Table 1 Location, sample size and population size of the 20 investigated Magnolia stellata populations

DNA extraction, PCR amplification and microsatellite analysis

Genomic DNA was extracted from the sampled leaves using the hexadecyltrimethylammonium bromide method (Murray and Thompson, 1980) with minor modifications. Genotypes were determined using 10 microsatellite markers: nine (stm0148, stm0184, stm0191, stm0222, stm0223, stm0251, stm0334, stm0353 and stm0423) developed for M. stellata (Setsuko et al., 2005), and one (M6D8) developed for M. obovata (Isagi et al., 1999).
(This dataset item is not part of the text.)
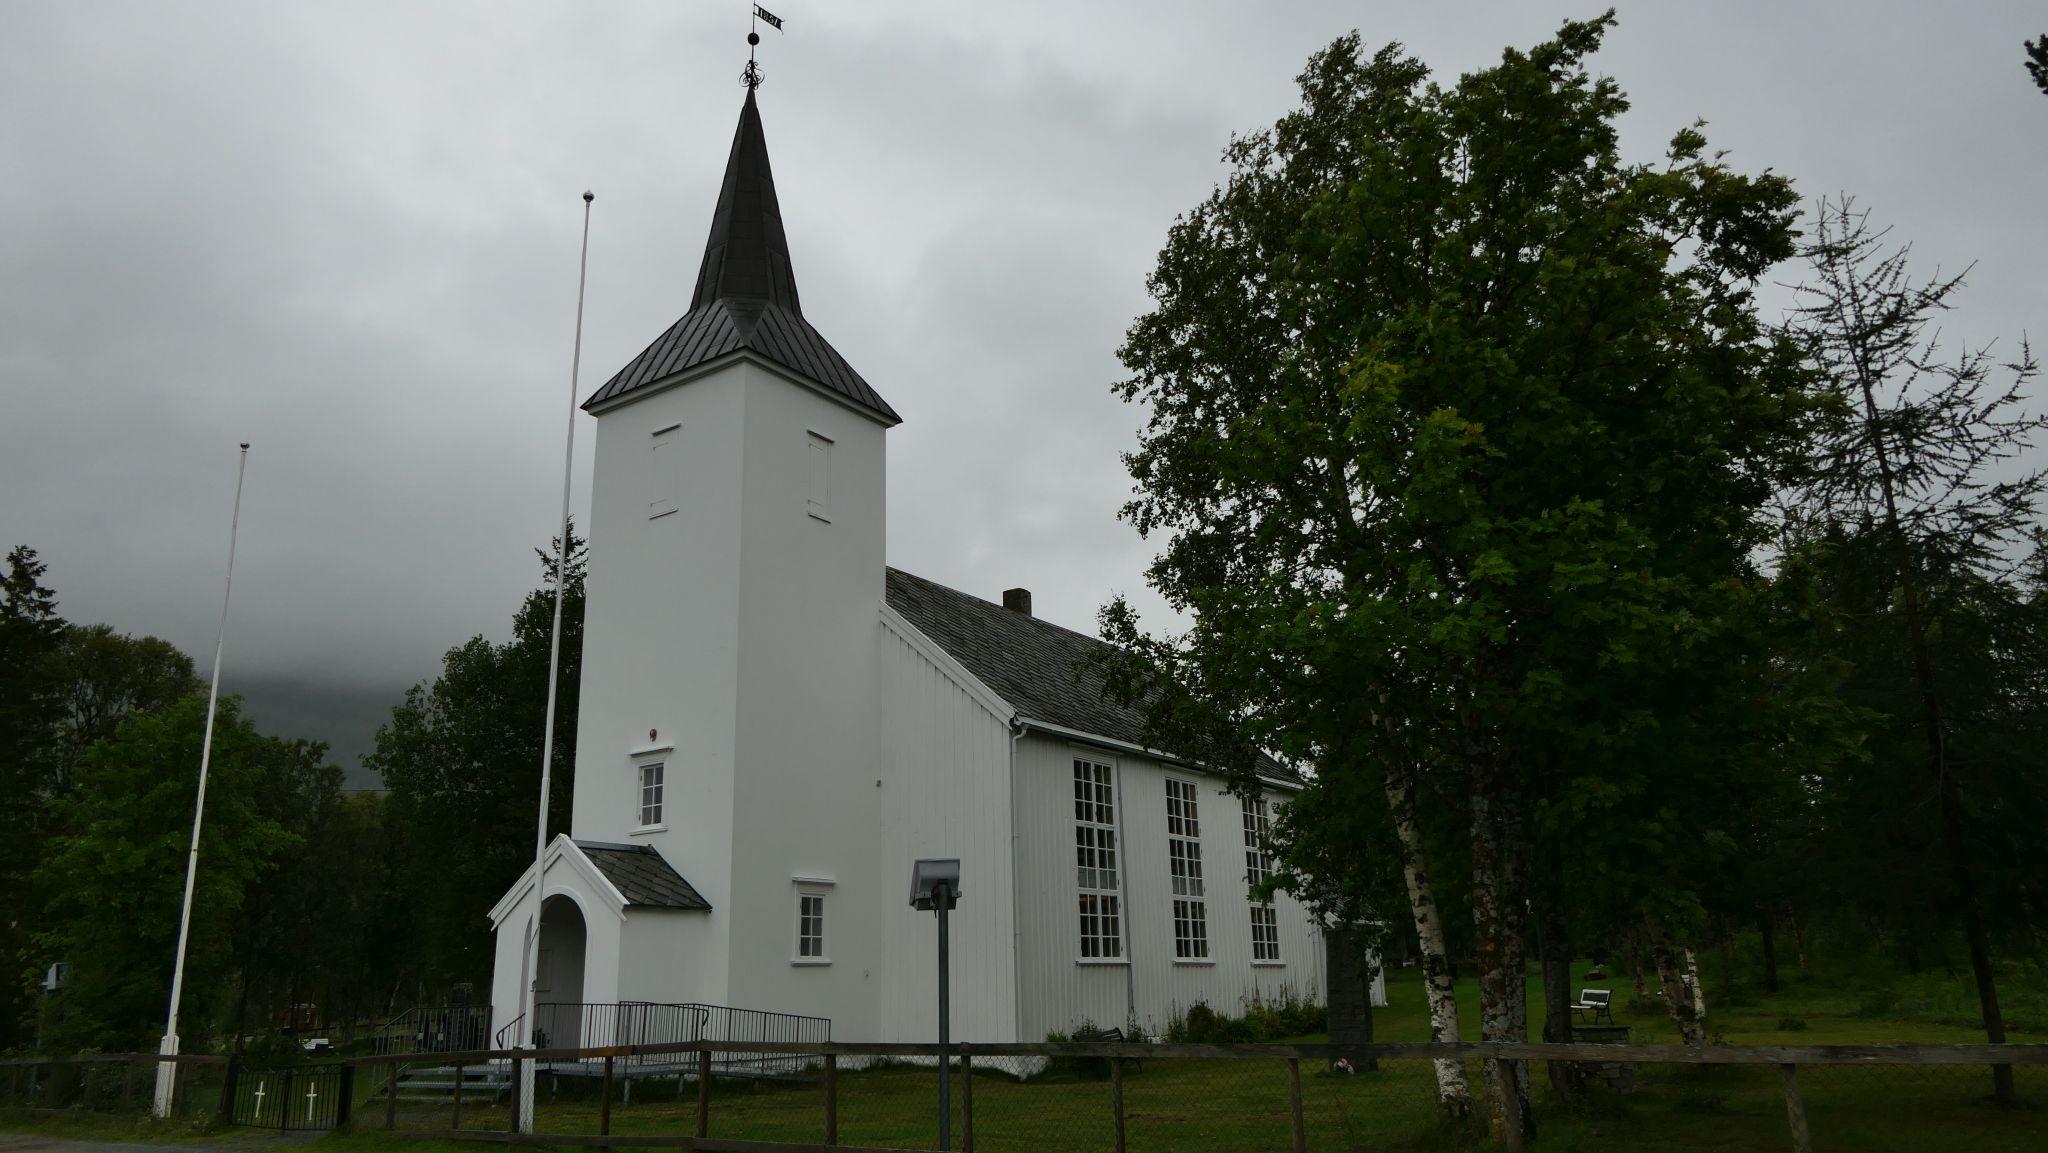 Morthals Kirche

PCR fragments were separated using a 3100 Genetic Analyzer and GeneScan software (Applied Biosystems) (see Setsuko et al., 2005, for details).

Data analysis

The following parameters were calculated at each locus and over all loci in each population using FSTAT ver. 2.9.3.2 (Goudet, 2001): allelic richness (AR), calculated with a fixed sample size of 27 (54 gene copies) (El Mousadik and Petit, 1996), gene diversity (HE; Nei, 1987) and inbreeding coefficient (FIS=1−HO/HE). Departures from Hardy–Weinberg equilibrium (HWE) at each locus and linkage disequilibrium between loci were tested in each population by an exact test using the Markov chain method implemented in GENEPOP ver. 3.4 (Raymond and Rousset, 1995), with sequential Bonferroni corrections (Rice, 1989). Assuming that the microsatellite loci used in this study were randomly sampled from an infinite number of loci, bootstrap resamplings among loci (20 000 samples) were used to create 95% bootstrap confidence intervals for AR, HE and FIS for each population. Deviations of FIS from zero over all loci in each population were tested using bootstrap confidence intervals of various percentages generated by the same bootstrap resampling method, with sequential Bonferroni corrections (Rice, 1989).

The total number of alleles detected (A), allelic richness (AR), observed heterozygosity (HO), average gene diversity within populations (HS), gene diversity in the total populations (HT), inbreeding coefficient (FIS) and the coefficient of genetic differentiation among populations defined under the infinite allele model (FST; Weir and Cockerham, 1984) and the stepwise mutation model (RST; Slatkin, 1995; Rousset, 1996) were calculated across all populations at each locus and over all loci using FSTAT. Overall tests for departures from HWE across all over populations at each locus and over all loci were performed by Fisher's procedure (Fisher, 1970). The significance of population differentiation at each locus was tested by the log-likelihood (G)-based exact test (Goudet et al., 1996), with sequential Bonferroni corrections (Rice, 1989), using the Markov chain method implemented in GENEPOP, and its significance over all loci was tested by Fisher's procedure (Fisher, 1970). To test the presence of isolation-by-distance patterns in population differentiation, the Mantel test between population-pairwise geographic distances and genetic distances (DA distances; Nei et al., 1983) was applied. A dendrogram was constructed to interpret the relationships among populations by the neighbor-joining method (Saitou and Nei, 1987) based on DA distances between populations using DISPAN (Ota, 1993). The node significances of the dendrogram were evaluated using bootstrap probabilities based on 10 000 replicates.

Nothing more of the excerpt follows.